China Severely Restricts Children from Playing Video Games

Children playing games

China is known for a number of authoritarian rules that many critics are not very happy about. The latest is that China severely restricts children from playing video games. However, banning children from late-night gaming may attract very little criticism even from the most liberal corners of the world. According to a report published in The Guardian, those who are under 18 cannot play any video game between 10pm and 8am. They can play video games only for 90 minutes per day in a week.

China is right in recognizing video game addiction among youngsters. However, an outright ban may stifle young minds and cause them to live in a perpetual state of being policed. Later in this article, we evaluate the rationale of banning game time and intruding into children’s lives.

Let us take a look at how China is grappling with its video game addiction problem.

  • Those who are under 18 cannot play any video games between 10pm and 8am
  • During any week, kids can play games for 90 minutes in a day
  • During the weekends, they can play continuously for 3 hours.
  • in a month, those who are aged between eight and 16 can spend only $29 on online games
  • Those who are aged between 16 and 18 can spend $57 a month
  • All kids will have to provide their real names and identification when they log on to online gaming websites
  • National Press and Publication Administration plans to enforce these regulations very strictly, and we can trust them for doing just that

China Severely Restricts Children from Gaming: The context

Xi Jinping, the Chinese premier has proposed and guided these bans. He is known for its authoritarian rule and is notorious for his distaste for video games. In fact, he blamed video games for contributing to myopia among children. Consequently, China’s education ministry has been under increasing pressure from all quarters of the Chinese government to put some sort of regulations in place.

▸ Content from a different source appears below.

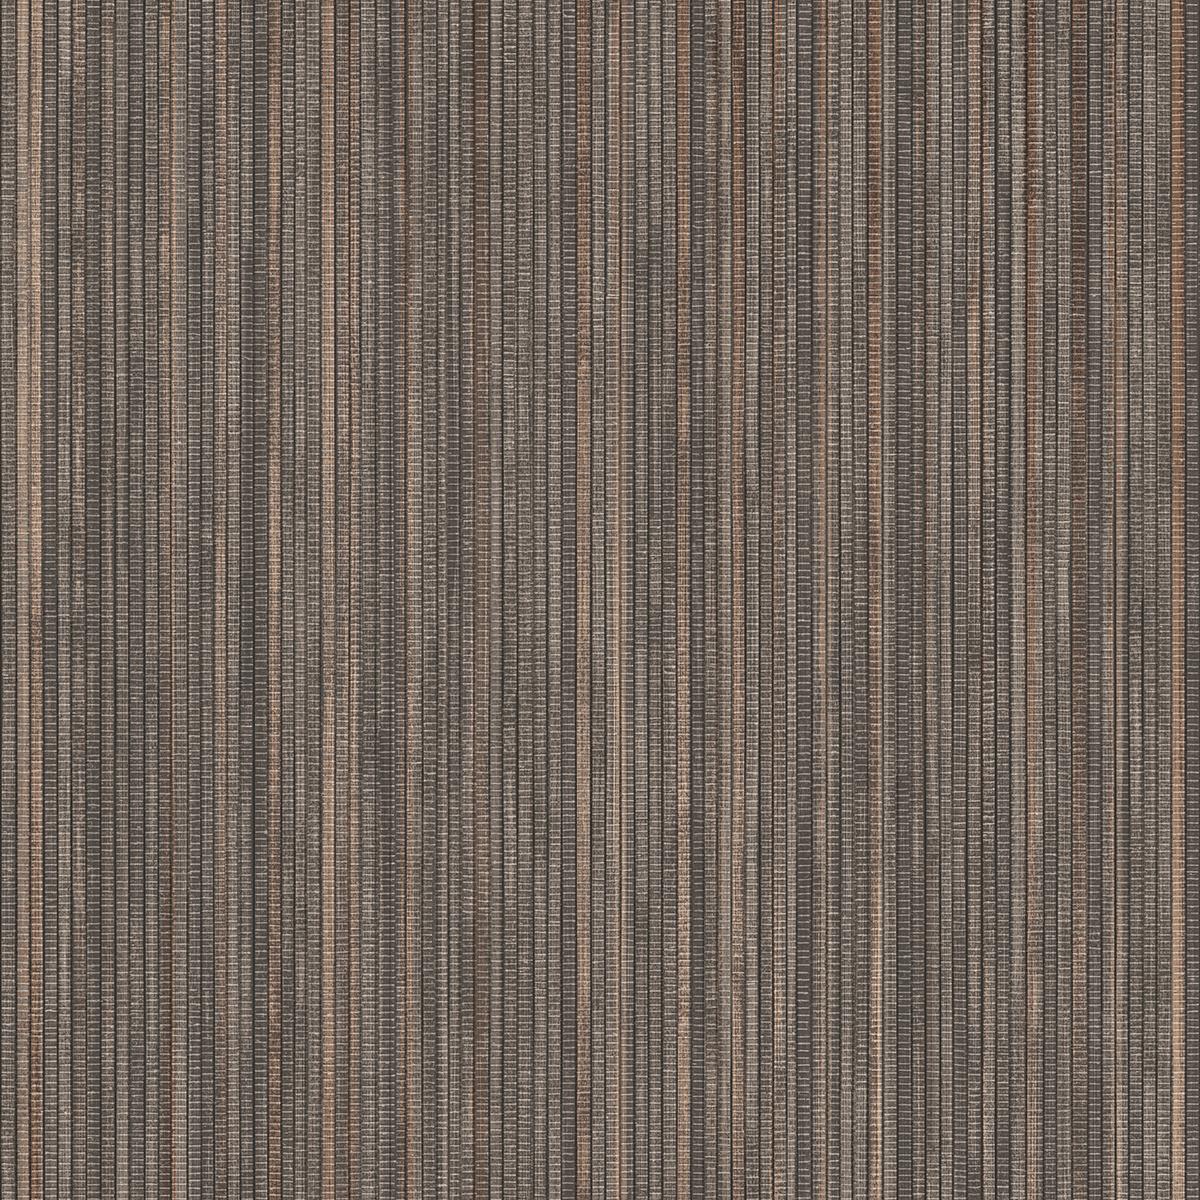 Grasscloth Bronze Textured Self Adhesive Wallpaper By Tempaper Peelable Wallpaper Grasscloth Wallpaper Grasscloth

In addition, Chinese authorities plan to “clean-up” online material and media content. For instance, sexually explicit and violent video games will be banned. Also, there will be a ban on games that feature gambling.

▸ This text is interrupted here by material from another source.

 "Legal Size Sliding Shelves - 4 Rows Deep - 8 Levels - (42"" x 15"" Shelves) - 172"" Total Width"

Yet, questions were already swirling on Weibo about how these curfews can be enforced. Weibo is China’s most popular social media tool. As some readers have suggested, kids can always use their parents’ identification to get around the laws and play whatever they choose to. In addition, Chinese youngsters are digitally literate and know how to use VPNs to get around bans. As far as the Chinese authorities are concerned, they plan to closely monitor everyone’s activities to keep people in their tracks.

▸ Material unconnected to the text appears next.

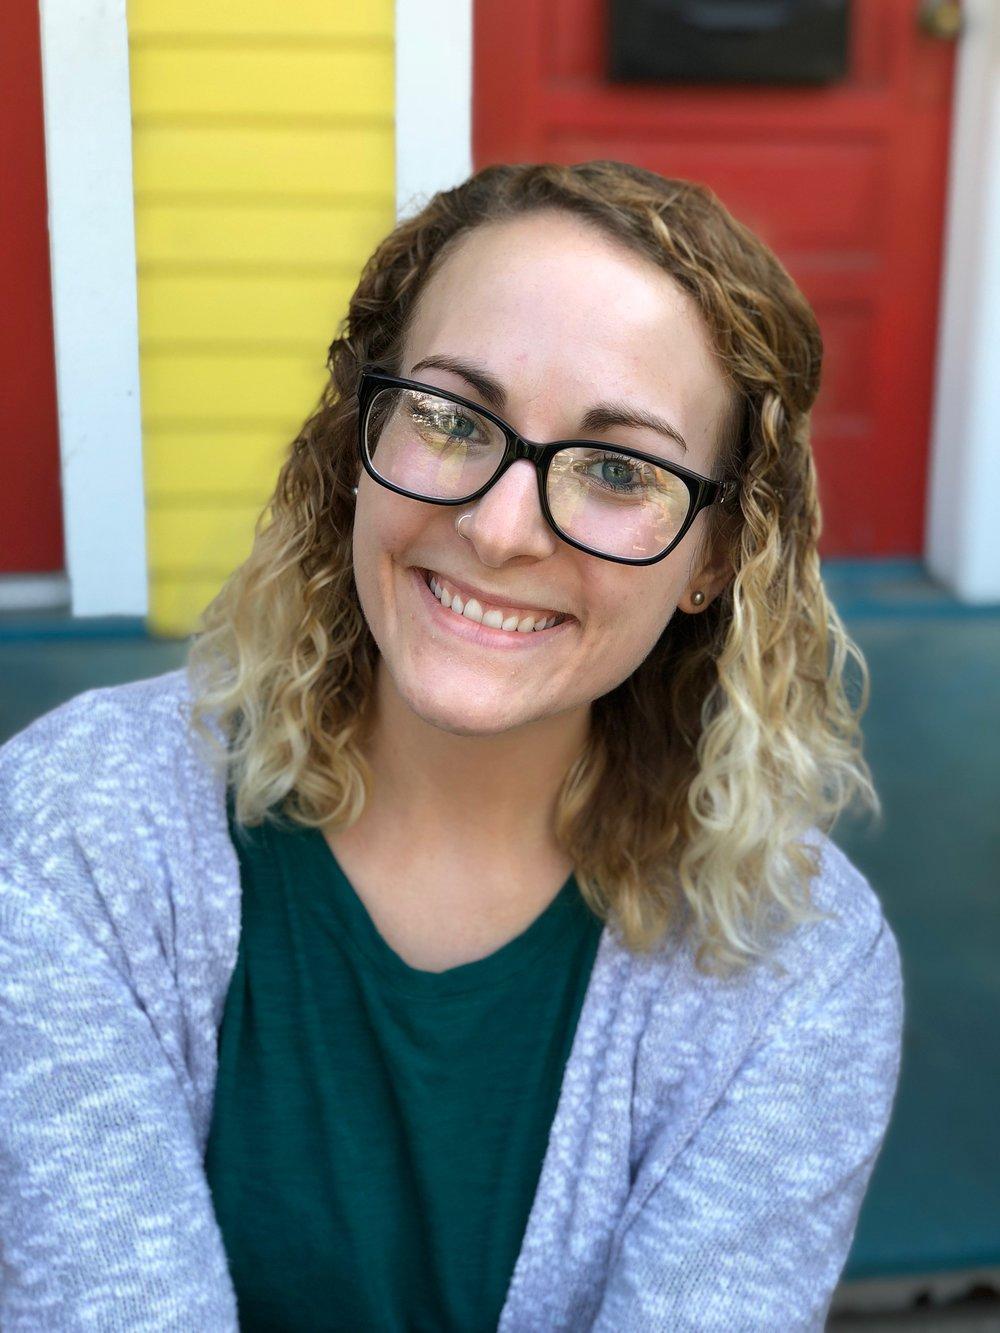 Cassandra Westpfahl - Elementary Director

There is no rationale for banning video games

George Orwell’s 1984 and Animal Farm are both a cliché in terms of governmental intrusion and super-surveillance. Yet, China is doing exactly that and even has a point-based system to assess how a citizen behaves. All these raise ethical and moral questions that may not work elsewhere in the world. If you were planning for a similar ban in your country, it will most likely not work. Children and teenagers know how to use VPNs and get around rules. In addition, banning anything is never a matured thing to do, and works as negative reinforcement.

Back in the days, when China didn’t have these bans, people were buying Xbox One burgers in China. These burgers may come with a warning or government propaganda material that advises children and teenagers not to play video games. Alibaba, which had planned to launch its own streaming service in China, may have to play by Xi’s rules as well.